Для Васильева здесь (как и в спектаклях по пьесам Дюрас) важно было соединить два типа структур, прежде не существовавших для него вместе так естественно. Показать ту лестницу Иакова, по которой бродят и толкаются вовсе не ангелы, но все мы, грешные, — независимо от своих намерений или желаний. Если энергия страсти нарастает — не важно, с каким знаком, — значит, цепляясь за перекладины, волей-неволей карабкаешься вверх. Меняется тембр голоса, меняется телесный рисунок, обрывистыми, обугленными по краям делаются очертания самого мира, который теряет плотность и мясистость. Теряет вязкую тяжесть и прелесть деталей, почти расползается по швам… Боюсь, что, когда говорят о мотиве «живой жизни» в поэтике обыденности у Чехова, обычно не видят этой страшной оборотки (скажем, в небольшом рассказе «В ссылке» приблизительно того же времени, что и «Неизвестный» (1892), где татарин говорит скептику и цинику Толковому: «Бог создал человека, чтоб живой был, чтоб и радость была, и тоска была, и горе было, а ты хочешь ничего, значит, ты не живой, а камень, глина! Камню надо ничего и тебе ничего… Ты камень — и Бог тебя не любит»).

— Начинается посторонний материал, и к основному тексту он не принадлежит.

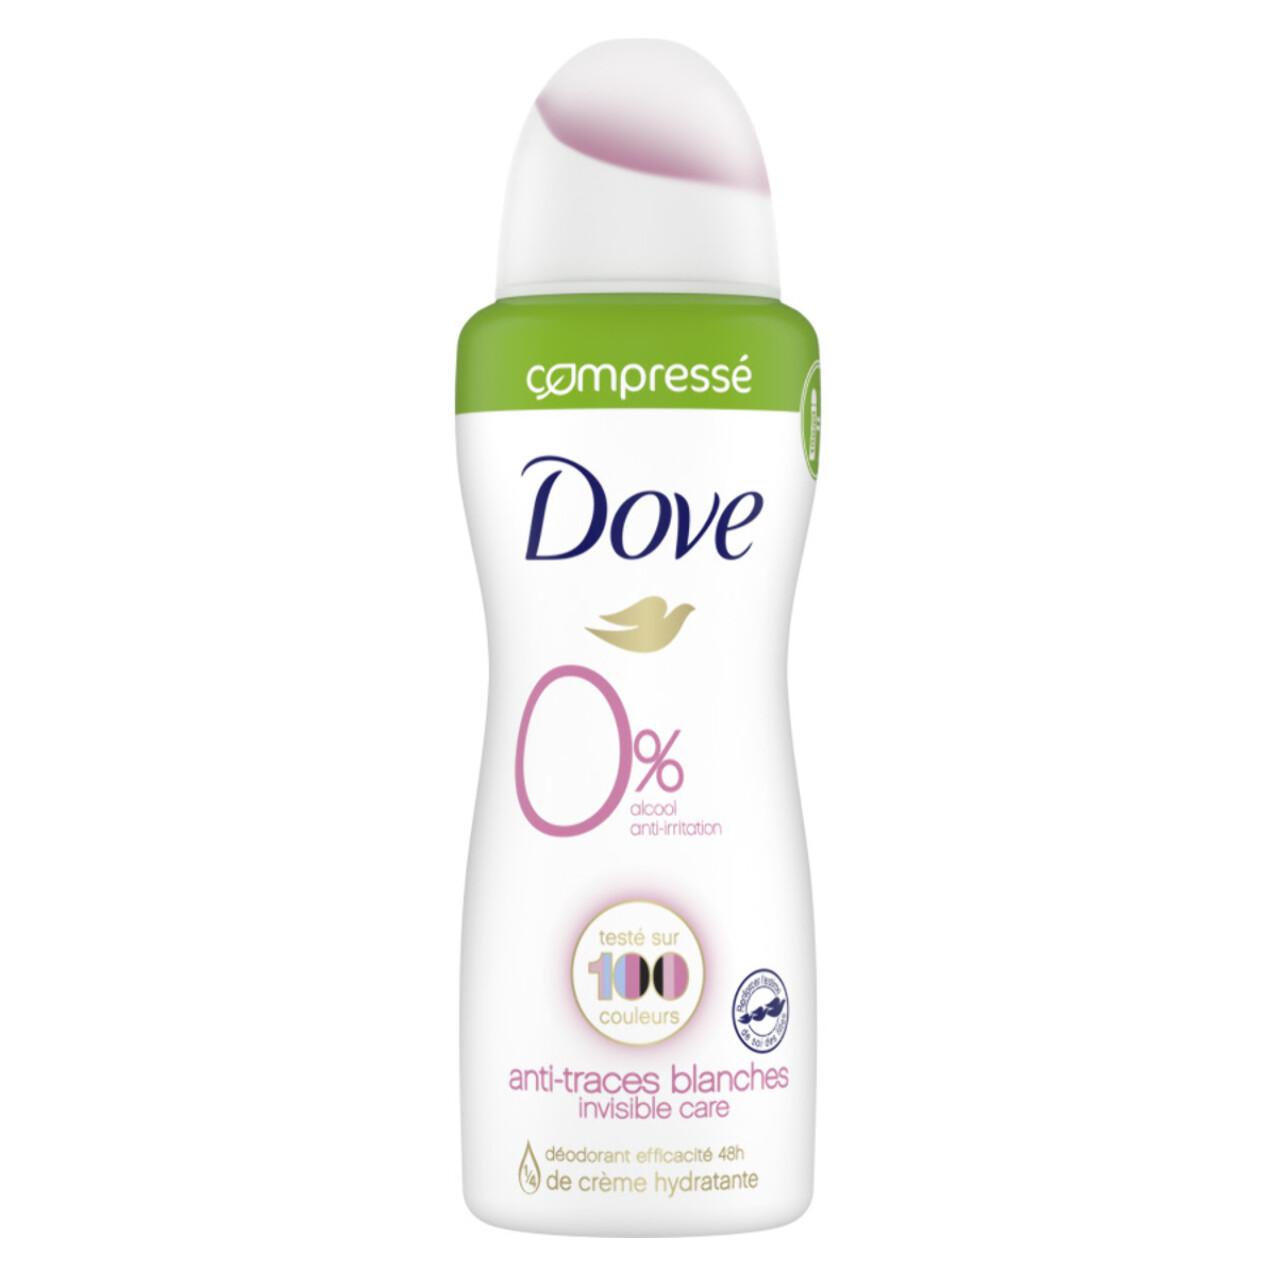 Pack de 3 - Dove 0% Déodorant Femme Spray Compressé Invisible Care 100ml
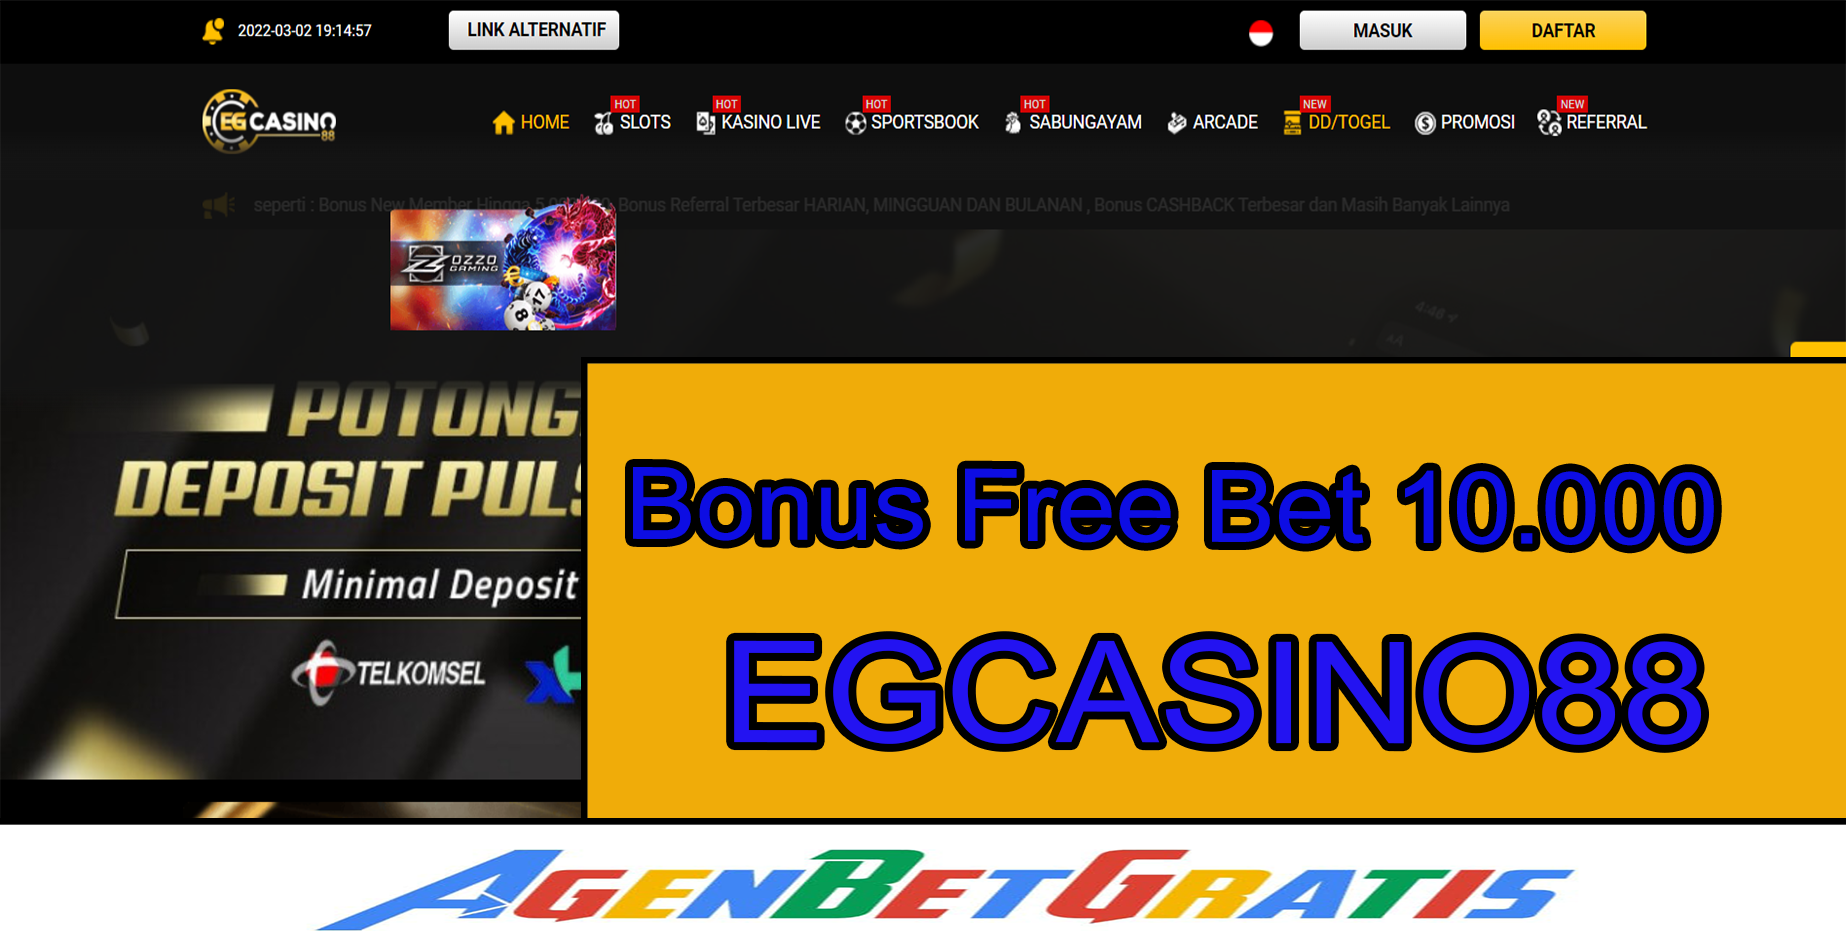 EGCASINO88 - Bonus FreeBet 10.000

Дальше все течение человеческой, «жизненной» истории резко ломается. Чехов как-то чудовищно накреняется, и его стилистика смещается ближе к Гоголю или Достоевскому, а то и к Кафке. Станислас выходит со своим «Прологом» в обычной одежде, в потертых джинсах, как бы пытаясь при полностью зажженном в зале свете рассказать реальным зрителям историю своего персонажа, убийцы-террориста, который на самом деле пытался всего лишь подобраться к своей будущей жертве — отцу Орлова, знатному вельможе. Этот длинный монолог, лишь проясняющий задним числом то, что мы и так уже увидели и ощутили, соединяет первое и второе действия всего спектакля. С арены Неизвестный поднимается на просцениум и по ходу дела на удивление споро и ловко собирает стоящие у стены бутылки в белую сетку. Та бесконечно растягивается, у нее отрастают руки и ноги — и вот уже бывший лакей волочит за собой огромную фигуру человека, выросшего внутри сетки из горы собранных бутылок. Неизвестный усаживает страшную куклу на высокий стул, привязывает ее к спинке и вдруг — мгновенно преображаясь в темного убийцу с его отработанной кошачьей пластикой — быстро прицеливается и стреляет… С этого момента меняется ритм, меняется свет, на заднем плане обрушивается вниз гравюрка с почтовой карточкой Петербурга — и мы попадаем в иную историю, над которой более не властны «психологические» механизмы нормальных причинно-следственных отношений.
Пока мы тренировались в TNS вместе со всей командой (и, прежде всего, с нашим реквизитором Максом и с Вадимом Андреевым, который так или иначе выправлял все элементы перформанса, задействованные в спектакле), мы, по правде говоря, чуть не разнесли весь театр. В этом взрыве (вместе с китайскими петардами, поддержанными басовыми колонками внизу, под настилом сцены, и мощной вспышкой света) взлетает на воздух не просто почтенный сановник — бомба разрушает окончательно целостность нормального, по-своему уютного буржуазно-аристократического мирка… а дальше все неудержимо сползает в пропасть.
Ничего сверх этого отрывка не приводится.